Inside the Saigon Market, my father and his friends hung out at the checkout counter, surrounded by displays of jade and gold jewelry and mini Buddhas. They could spend hours laughing and talking to the owner, Thanh, who laughed loudest of all. Thanh gave away free scroll calendars to every customer, and he had a big new house in a cul-de-sac subdivision in Kentwood. The more money he made, the more family members he was able to sponsor. They trickled in monthly and soon he bought the house across the street for his in-laws. Thanh wanted to be the don of the community. Balding, shaped like a white man, he wore Hawaiian print shirts and flip-flops year-round. His protruding belly was the physical symbol of his success. He was the first to throw Saturday night parties that went on forever, where the men played Vietnamese poker for increasingly high stakes, worked their way through bottles of Courvoisier and Hennessy VSOP, and told raucous, bawdy st ories about their boyhoods in Vietnam. The women were relegated to the kitchen to gossip and compare information like which brand of makeup to buy (Lancôme was the favorite). Noi always took over the cooking. Like the other grandmothers, she supervised the kitchen and served as principal to us kids. Three or more generations in one house-hold—that was the Vietnamese way. It meant built-in child care and cooking, and a consistent, tidy home. Noi was the person I saw when I woke up, when I came home from school, and before I went to bed.

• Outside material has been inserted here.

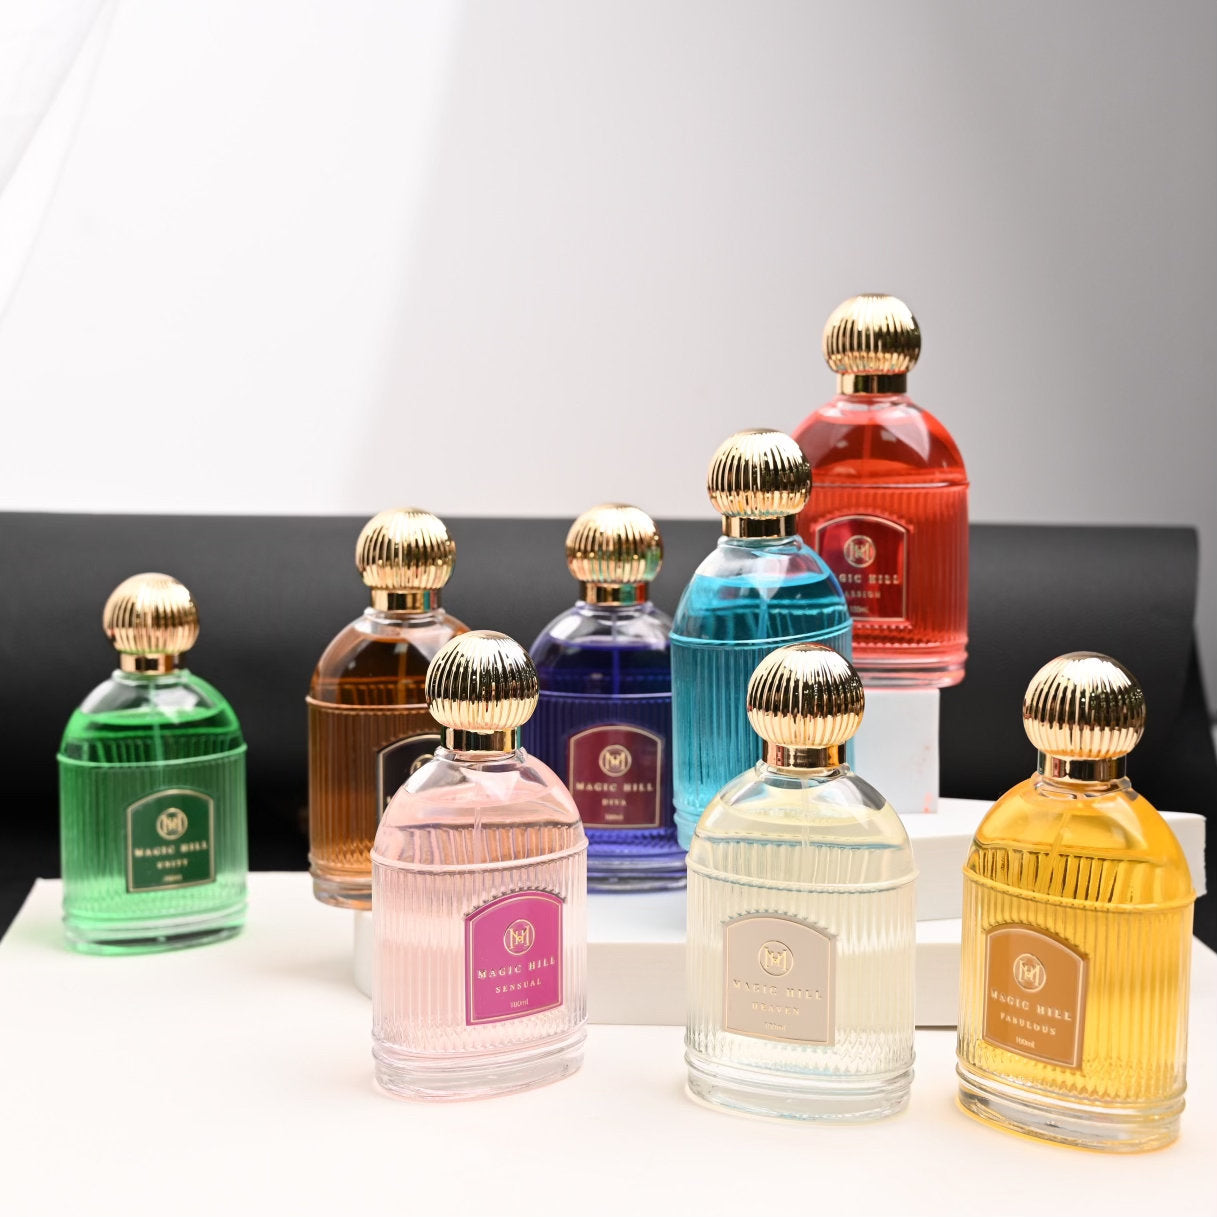 Diva Scent - Pre Order MAGIC HILL Exclusive Perfume

The combination of Vietnam’s ancient matrilineal roots, Confucianism, and Western influences made for a modern-day balance of control and deference in every household. As the oldest in our family, Noi was the nominal head. She sat at the head of the table, always got the first serving at dinner, and rode in the front seat of the car. At the same time, she was in charge of raising the children and taking care of the home. My father was supposed to be the breadwinner, the disciplinarian. He need ask no one for guidance, tell no one his plans; whatever he said or did had to be accommodated by the rest of the family. Rosa, the wife and mother, hovered somewhere in between. In other households I saw that the role could be nervous, anxious with watching, jumping in, smoothing things over. Or it could be contentious, filled with clashes with husband and mother-in-law—that age-old battle for domestic sovereignty. The mothers worked, too, all of them seamstresses or detail workers at factories. While the women had social lives mostly bound by family, the men had poker games nearly every Saturday night. Rosa, who had campaigned for the Equal Rights Amendment, could only take so much of this arrangement. She was the breadwinner, too, and she had every intention of running the household. She was astonished by my father’s claim to freedom, and their fights about how he spent money or time escalated into middle-of-the-night shouts. I don’t remember what they said, what words they flung, but none of it stopped the poker games or drinking parties.
My stepmother stood apart from the women in the kitchen. She didn’t know how to speak Vietnamese or cook Vietnamese food. She didn’t wear ao dais or jade bracelets. Her expansive chest and curly hair made the thin, straight-haired women seem even thinner. They smiled at her, spoke a little English—How are you?—then went back to their own conversations. Rosa spent these parties washing dishes, cleaning up, trying to be useful. She often sat alone in the living room, holding Vinh while he slept.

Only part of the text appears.